Cumaná () is the capital city of Venezuela's Sucre State. It is located  east of Caracas. Cumaná was one of the first cities founded by Spain in the mainland Americas and is the oldest continuously-inhabited Hispanic-established city in South America. Its early history includes several successful counters by the indigenous people of the area who were attempting to prevent Spanish incursion into their land, resulting in the city being refounded several times. The municipality of Sucre, which includes the capital city, Cumaná, had a population of 358,919 at the 2011 Census; the latest estimate (as at mid 2016) is 423,546.

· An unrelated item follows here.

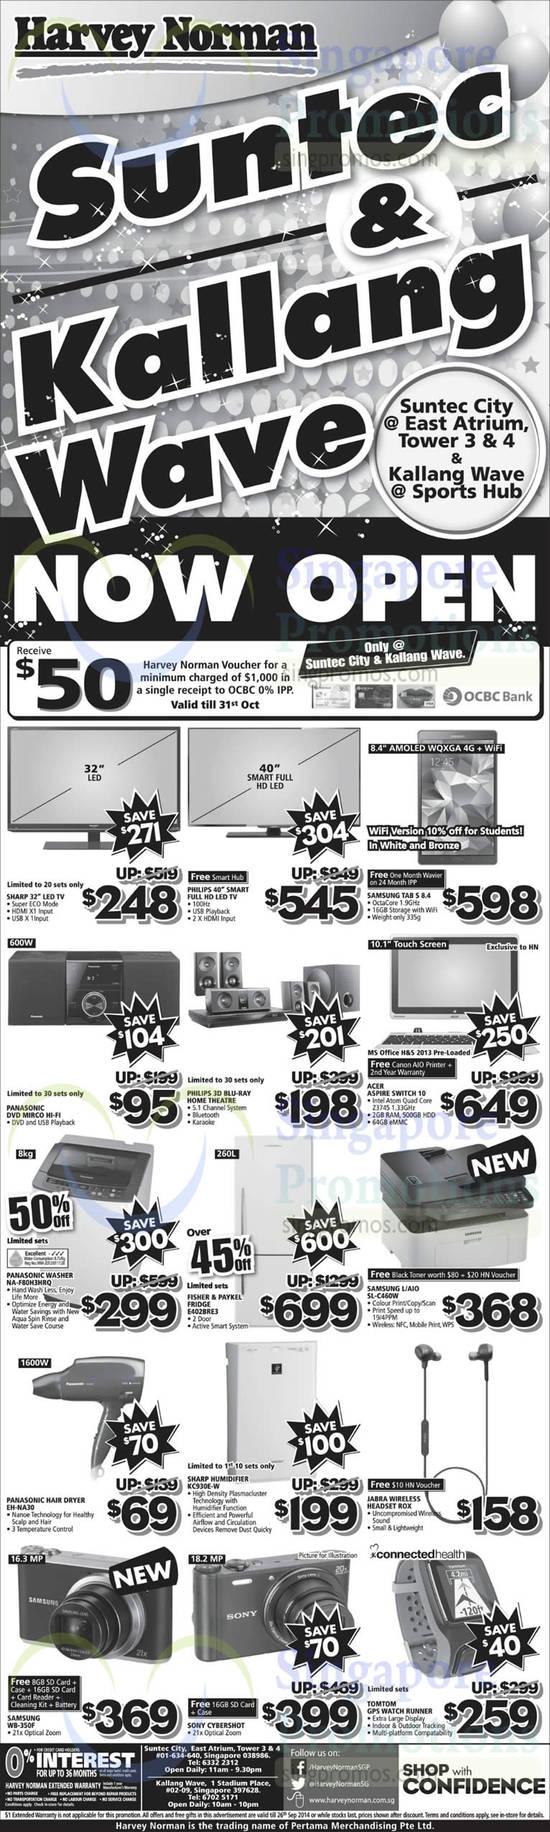 Samsung Tab S 8.4, Acer Aspire Switch 10 Desktop PC, Panasonic NA-F80H3HRQ Washer, Fisher & Paykel E402BRE2 Fridge, Samsung SL-C460W Printer, Panasonic EH-NA30 Hair Dryer, Sharp KC930E-W Humidifier, Samsung WB-350F Digital Camera

The city is located at the mouth of the Manzanares River on the Caribbean coast, in the northeast of Venezuela. It is home to first and most important of the five campuses of the Universidad de Oriente, and is a busy maritime port, home of one of the largest tuna fleets in Venezuela. The city is close to Mochima National Park, whose beaches are a popular tourist destination among Venezuelans.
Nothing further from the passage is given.